Importance of miR-181a for T cell central tolerance. (a) Experimental setup: E16 B10.BR FTOC were established and 1 d later were treated with antagomir 181a (35 μg/ml) or antagomir with a ‘scrambled’ seed region (mock treatment); after 6–7 total days of culture, T cells were dissociated and washed and then incubated with B10.BR (syngeneic) splenic APCs for an additional 4–5 d, then cells were stained for CD4, CD8 and CD69 and analyzed by flow cytometry (top right) and supernatants were collected for assessment of cytokine concentrations (bottom right). (b) CD69 profiles of CD4⁺ T cells from FTOCs treated with antagomir with a ‘scrambled’ seed region (Mock) or with miR-181a-specific antagomir (Antag 181). Numbers above bracketed lines indicate percent CD69⁺ cells. Data are representative of two independent experiments. (c) Fluorescence–based cytometric bead array of cytokines in supernatants from the cultures in b. Each symbol represents an individual sample; small horizontal lines indicate the mean. Data are representative of two independent experiments, each in triplicate.

Figure 4

Negative selection threshold set by miR-181a. Flow cytometry of cells from E16 5C.C7 TCRβ-transgenic FTOC (established as described in Fig. 3a) cultured for 7 d with antagomir 181a (35 μg/ml) or antagomir with a ‘scrambled’ seed region (Mock), then dissociated and washed and incubated for 4 d with B10.BR splenic APCs with or without 5 μM ATPase 11c peptide (a,b) or GP peptide (c,d) and then stained for CD4, CD8 and TCRβ and with ATPase–I-E^k tetramer (a,b) or GP–I-E^k tetramer (c,d). (a,c) Tetramer-positive (Tet⁺) T cells. Each symbol represents an independent experiment; small horizontal lines indicate the mean. (b,d) TCRβ and tetramer profiles of CD4⁺ T cells. Numbers in or adjacent to outlined areas indicate percent tetramer-positive cells among total CD4⁺ T cells.
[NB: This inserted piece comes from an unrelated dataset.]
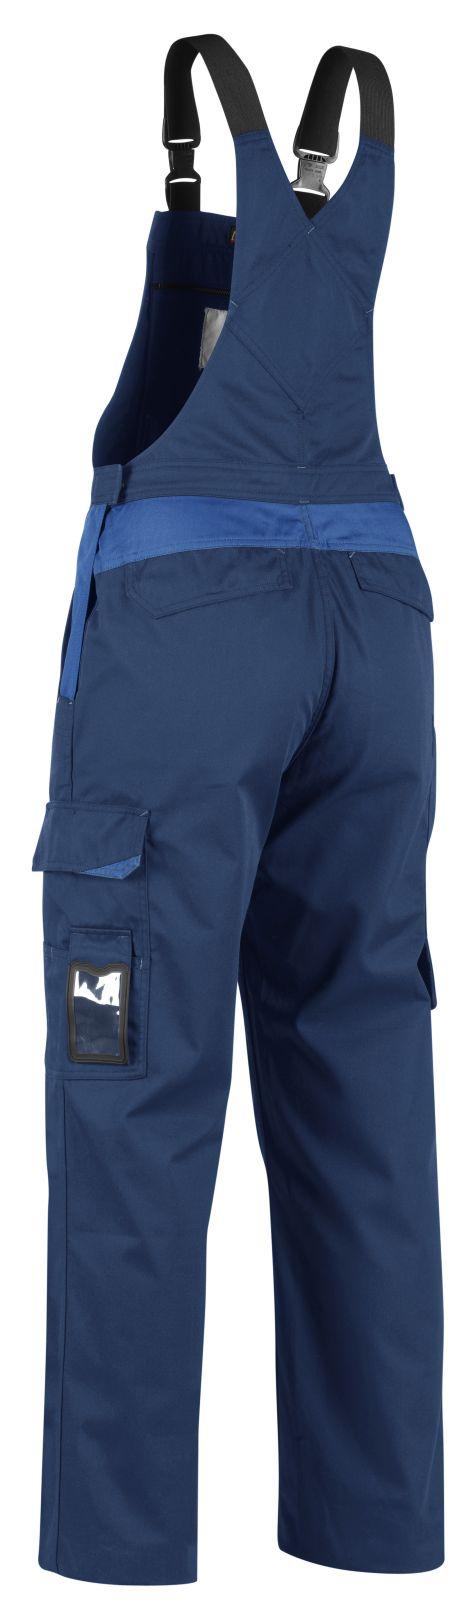 Blaklader Amerikaanse overalls 26651210 marineblauw-korenblauw(8884)

Data are representative of four experiments (ATPase 11c tetramer) or two experiments (GP tetramer).

Figure 5

Thymocytes downregulate miR-181a in response to selection signals. (a) Quantitative real-time PCR analysis of mature miR-181a in lysates of 5C.C7 Ii-deficient thymocytes allowed to interact for 1 h with plate-bound MCC–I-E^k or GP–I-E^k complexes or with no protein. Results are presented relative to expression in response to no protein, set as 100. Data represent two independent experiments (error bars, s.d.). (b) Quantitative real-time PCR analysis of miR-181a in DP 5C.C7 TCR–transgenic Ii-deficient thymocytes (5C.C7 Ii-KO) and 5C.C7 TCR–transgenic B10.BR thymocytes (5C.C7 B10.BR). Results are presented relative to expression in 5C.C7 Ii-KO thymocytes, set as 100. Data represent two independent experiments (error bars, s.d.).